Included is the Oravida scandal when then-justice minister Judith Collins had dinner with bosses of the New Zealand milk company, at which her husband was a director, on a taxpayer-funded trip to China.

lso, $11.5million of taxpayer money was spent on a single Saudi Arabian farm, including sending 900 pregnant breeding ewes to a disgruntled Saudi farmer.

When the Government paired with SkyCity to build a convention centre in Auckland, questions were raised about how close the relationship was between the Prime Minister and SkyCity.

Of course, these issues are the big picture with many smaller - and less public - matters going undetected without someone stumbling upon information and asking for an official explanation.

ORC chairman Stephen Woodhead said he was comfortable with the ORC's policy, which offers just 30 minutes' free work by staff when responding to official information requests. Ratepayers should be less than comfortable.

The Reserve Bank's stance has prompted a warning of a change in culture around the OIA being under way.

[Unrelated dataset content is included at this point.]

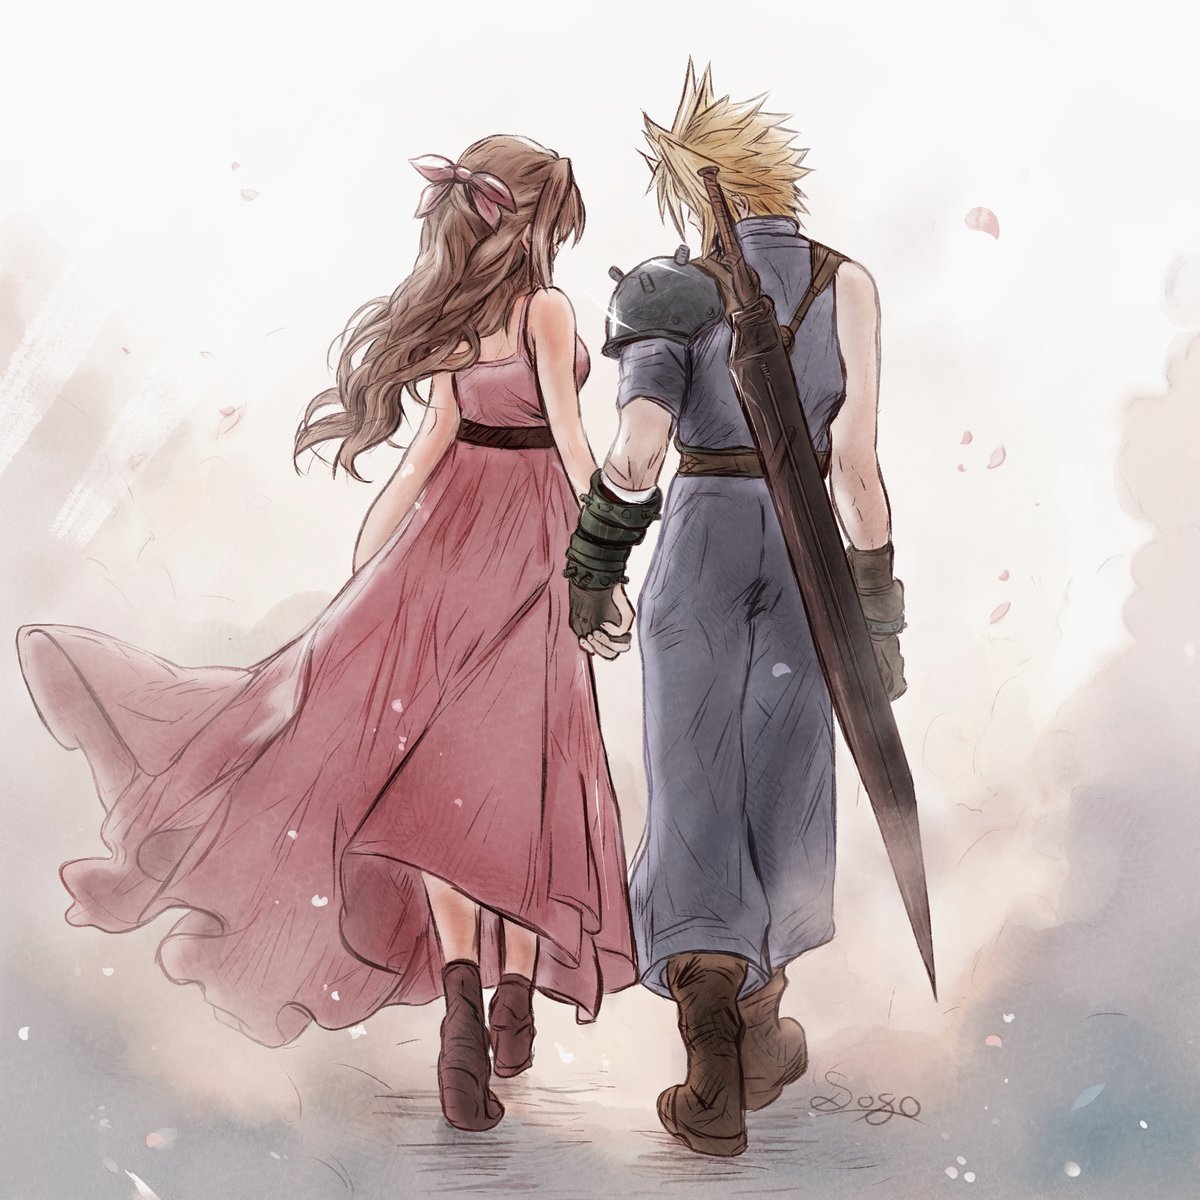 'You came for me. That’s all that matters.' 🌸 

#Clerith #FF7📷📷#FinalFantasyVII #finalfantasyart #FFVII #cleris #クラエア

Charging everybody for OIA requests may become widely adopted by officials trying to keep secret some decisions made by their publicly-funded organisation.

Government ministers and elected councillors often hide behind their paid staff in refusing to release details of why decisions have been made.

A reluctance to pay for information will play right into the hands of those elected officials.

It cannot be allowed to happen.

For New Zealand to return to the top echelon, there needs to be an ease of freedom to information someone may not want released.

Our politicians need to become more amenable to providing information, even at personal expense.

And New Zealanders, in general, need to continue to call to account their elected representatives.

New Zealand's ratification of the United Nations Convention Against Corruption in December last year will mean nothing if information continues to be held and politicians, and their departments, remain above those who elect and pay them.